A portada da janela estava entre aberta. Tentei perscrutar o que estava ao seu alcance. Apesar de presa à parede confirmei a sua graciosa mobilidade com o movimento que as dobradiças não lhe negam. Sabia que a olhava com outros olhos e senti na textura do seu corpo de madeira a alegria do meu reconhecimento.

Reforcei essa empatia dizendo-lhe: - Graças ao significado da origem do nome do deus Jano deixas-te de ser apenas uma portada para seres o símbolo da impossibilidade possível de se tentar alcançar a coerência contemplando em direções opostas.
 
 

domingo, 10 de novembro de 2013

RELATO VII Recordação da viagem a Sines


RELATO VII
Recordação da viagem a Sines
Costumo trazer das viagens mais longínquas o calendário de parede que me ajudará a situar no tempo, a medir a sua espessura e o seu consumo ao longo do ano seguinte. Como em 2013 não houve, nem vai haver, viagem para fora deste minúsculo retângulo, muro do oceano e das terras de Espanha terei eu, para 2014, de o fazer.

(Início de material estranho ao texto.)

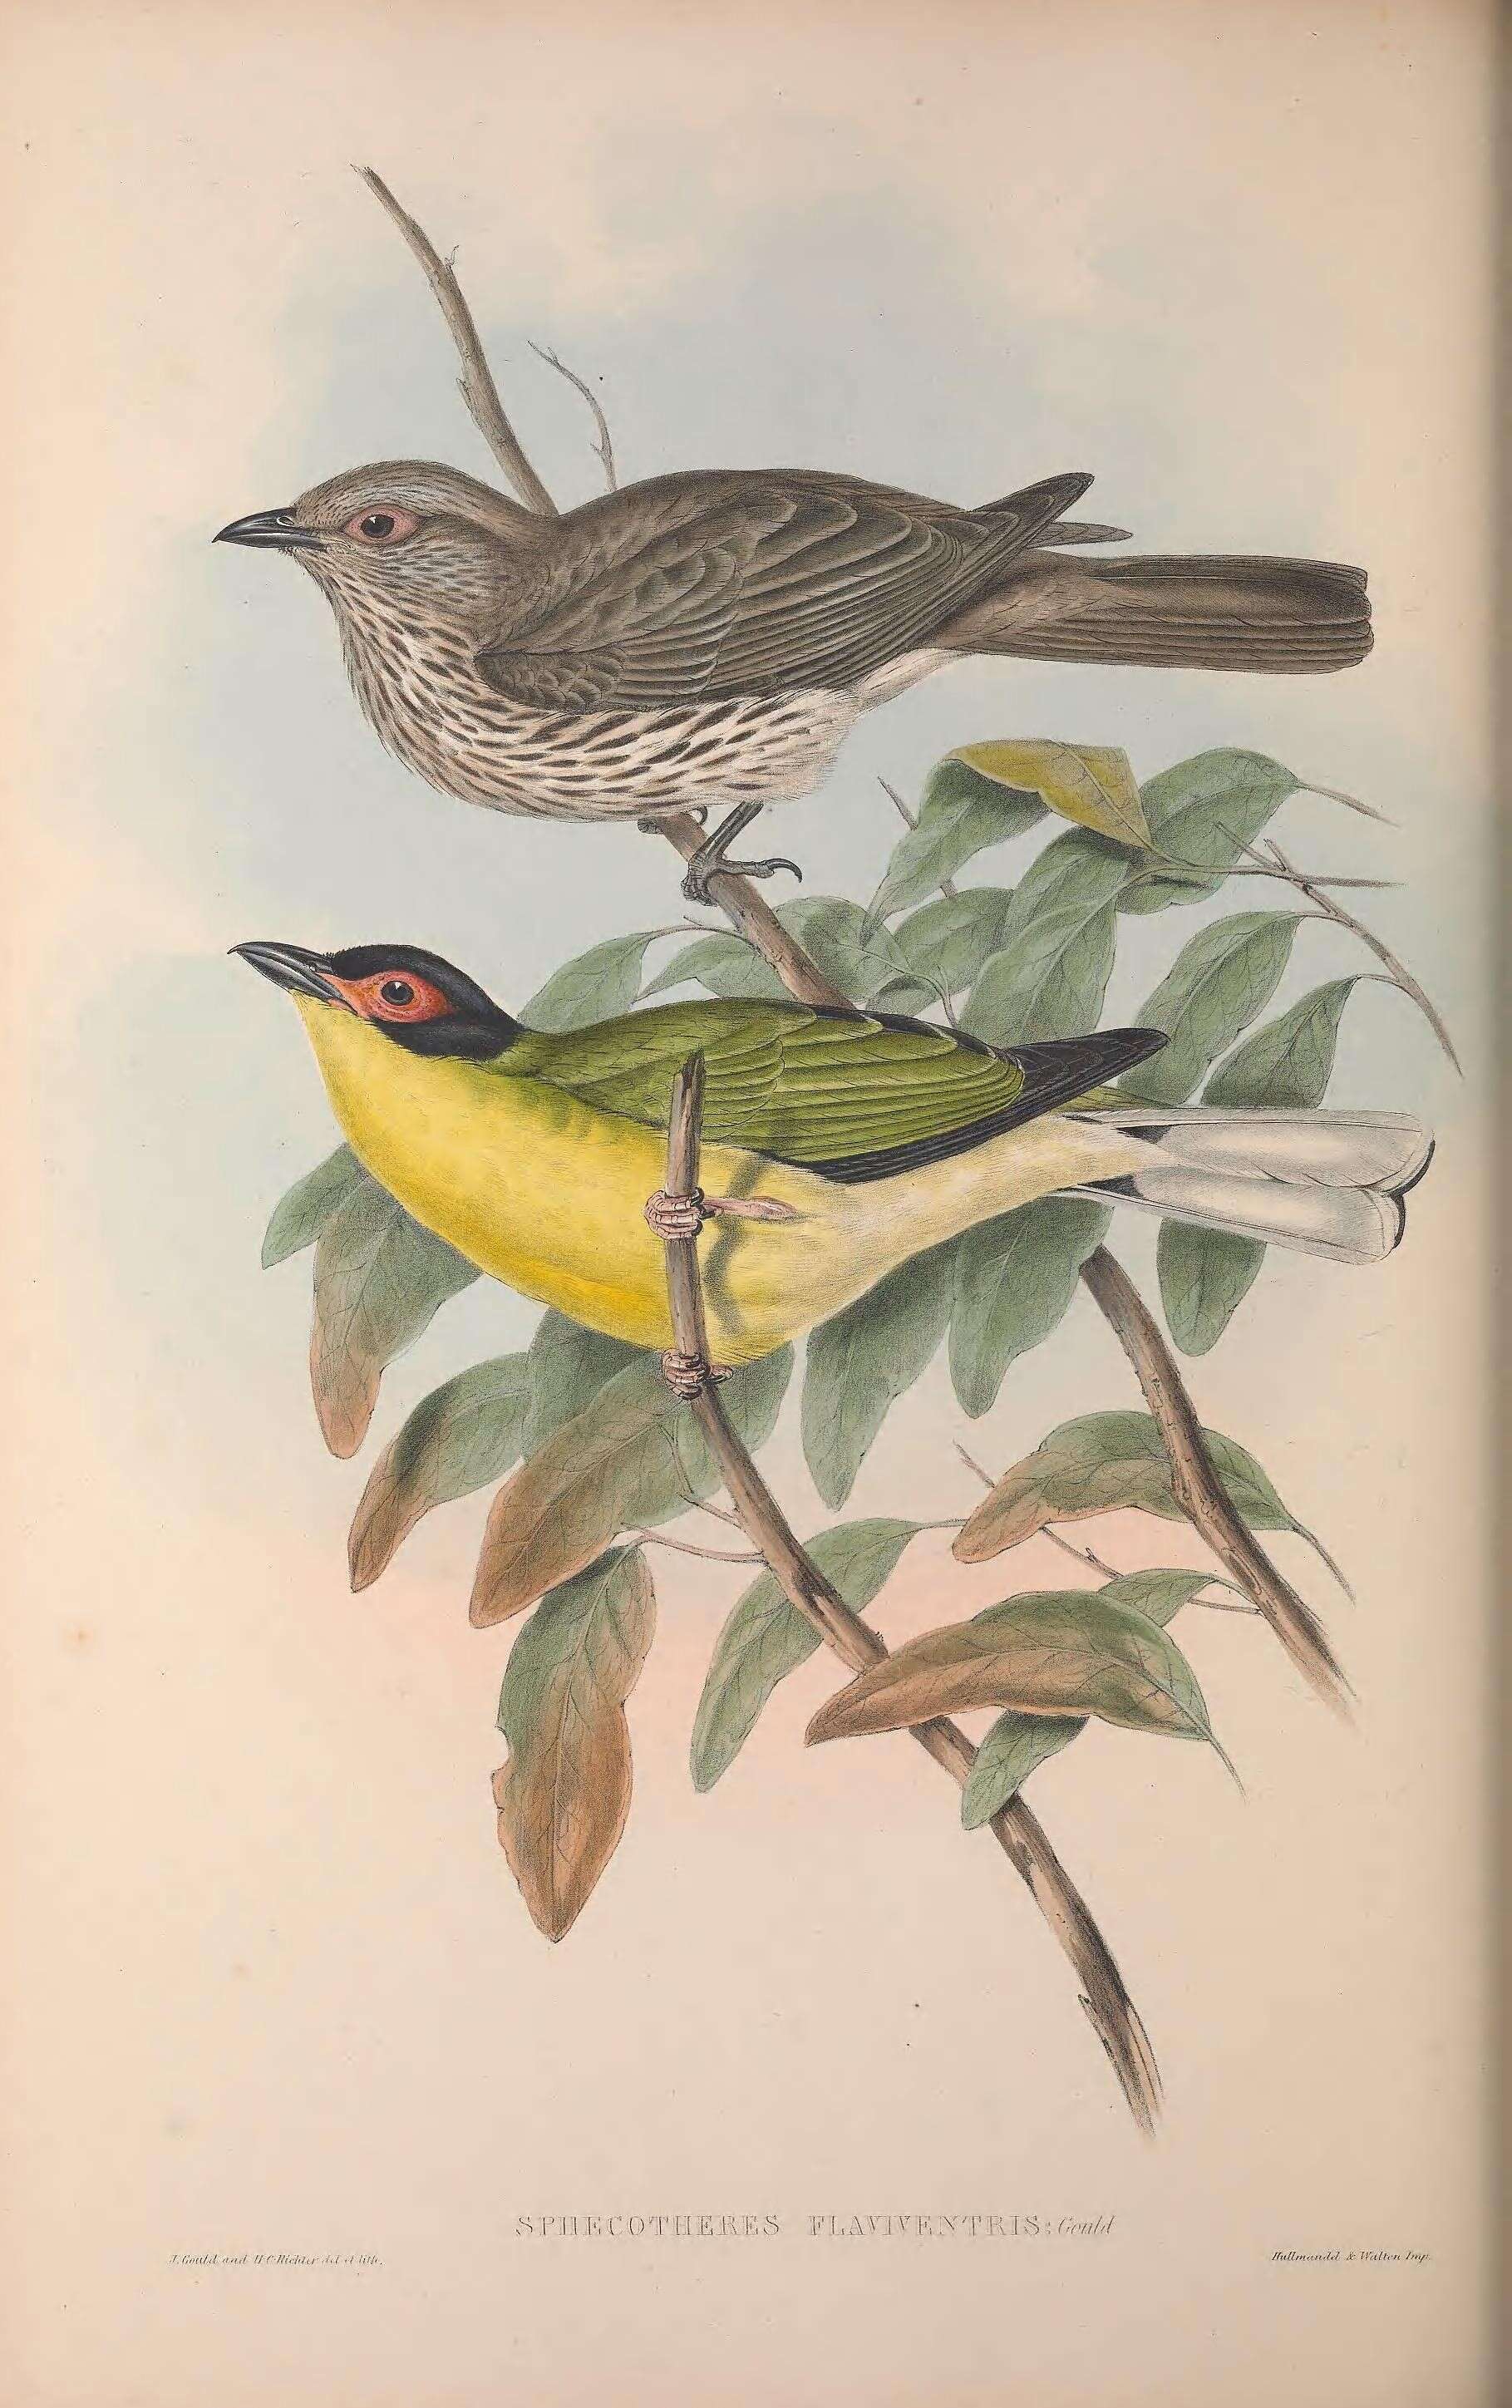 Image of Sphecotheres Vieillot 1816
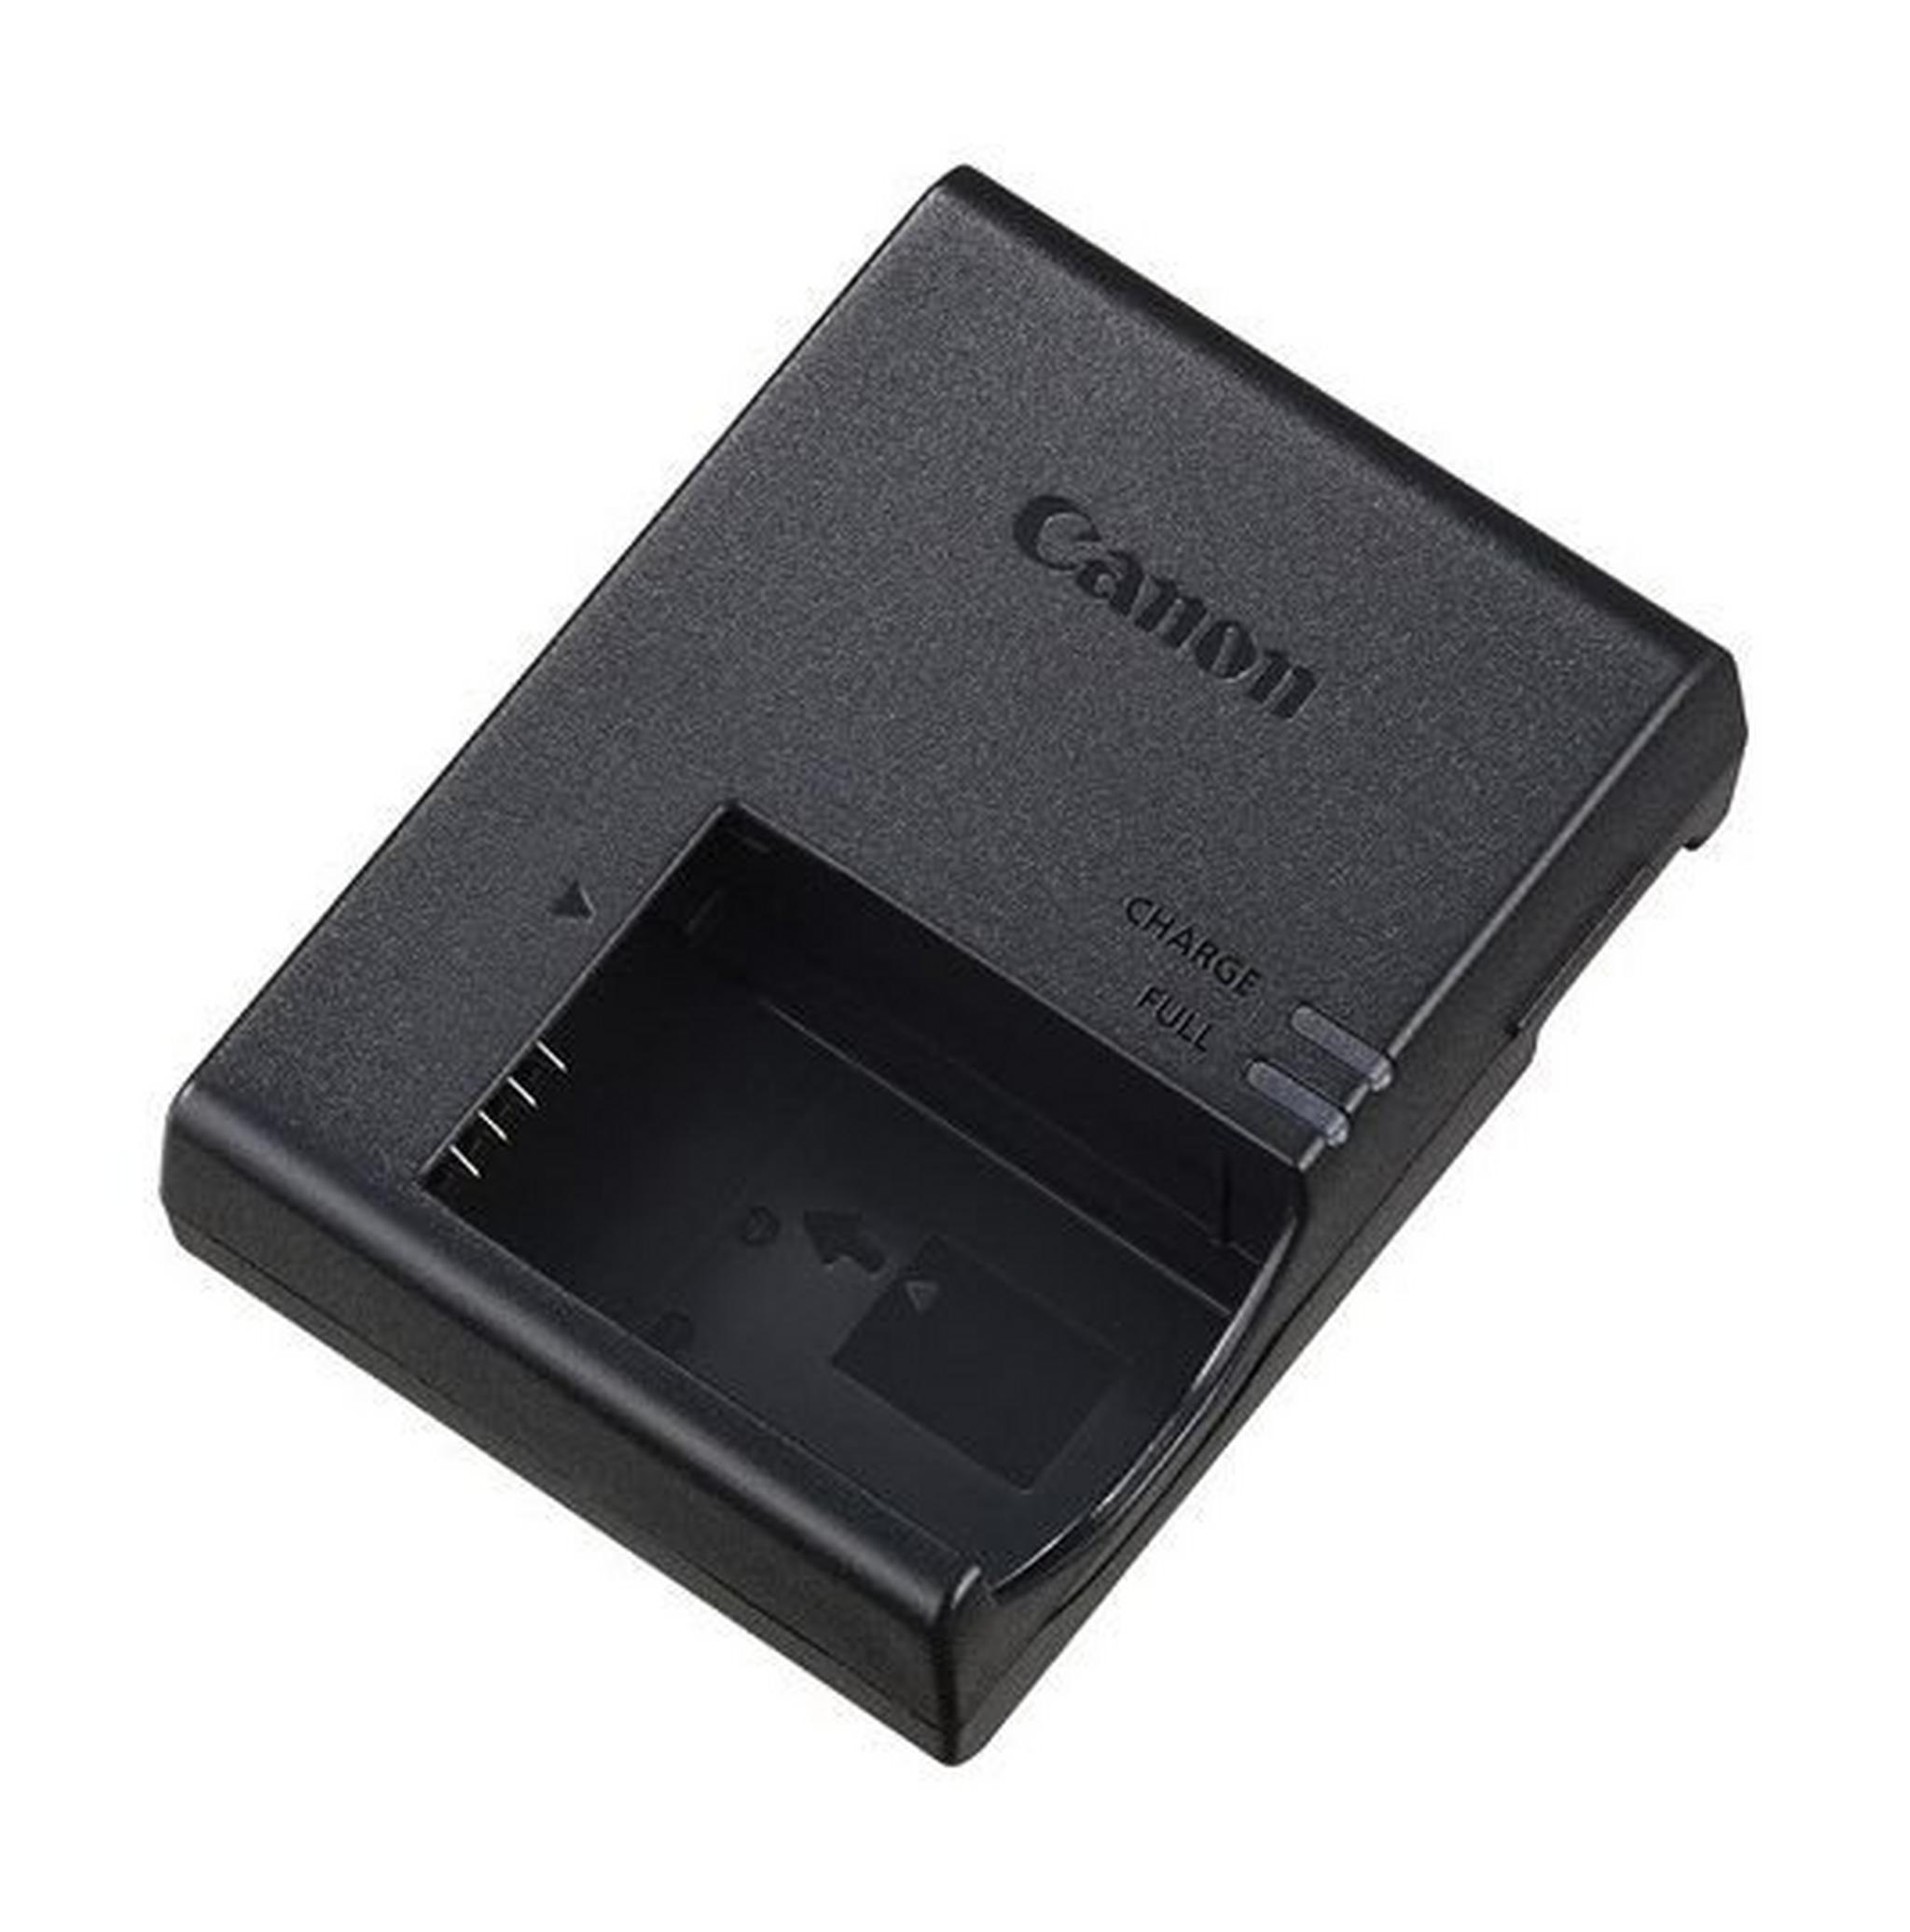 Canon Battery Charger LC-E17 - Black

Calendae era o nome dado pelos romanos ao primeiro dia de cada mês e significa “dia de pagar as contas” – daí a origem da palavra calendário, “livro de contas”.
Um calendário é uma espécie de mapa que condensa a respiração dos seres, sincronizada com os duplos movimentos da terra, dança sedutora que acolhe os sémenes solares de luz e calor gerando assim, nos seus territórios, os dias e as noites e as estações desse acasalamento de ciclo anual. Nessa dança, a gravidade da terra arrasta com ela a lua que povoa as noites de mistério.

O calendário também poderá ser um fosco espelho do tempo e a arte é a maneira de o tentarmos desembaciar para que, cada um desvende o “sentimento de si”.
As artes serão manufaturas de eus, tradutoras individuais de plurais perplexidades datadas pelo tingimento dos tempos. Ou serão espelho retrovisor de dupla face que nos oferece a contagem crescente e decrescente do tempo?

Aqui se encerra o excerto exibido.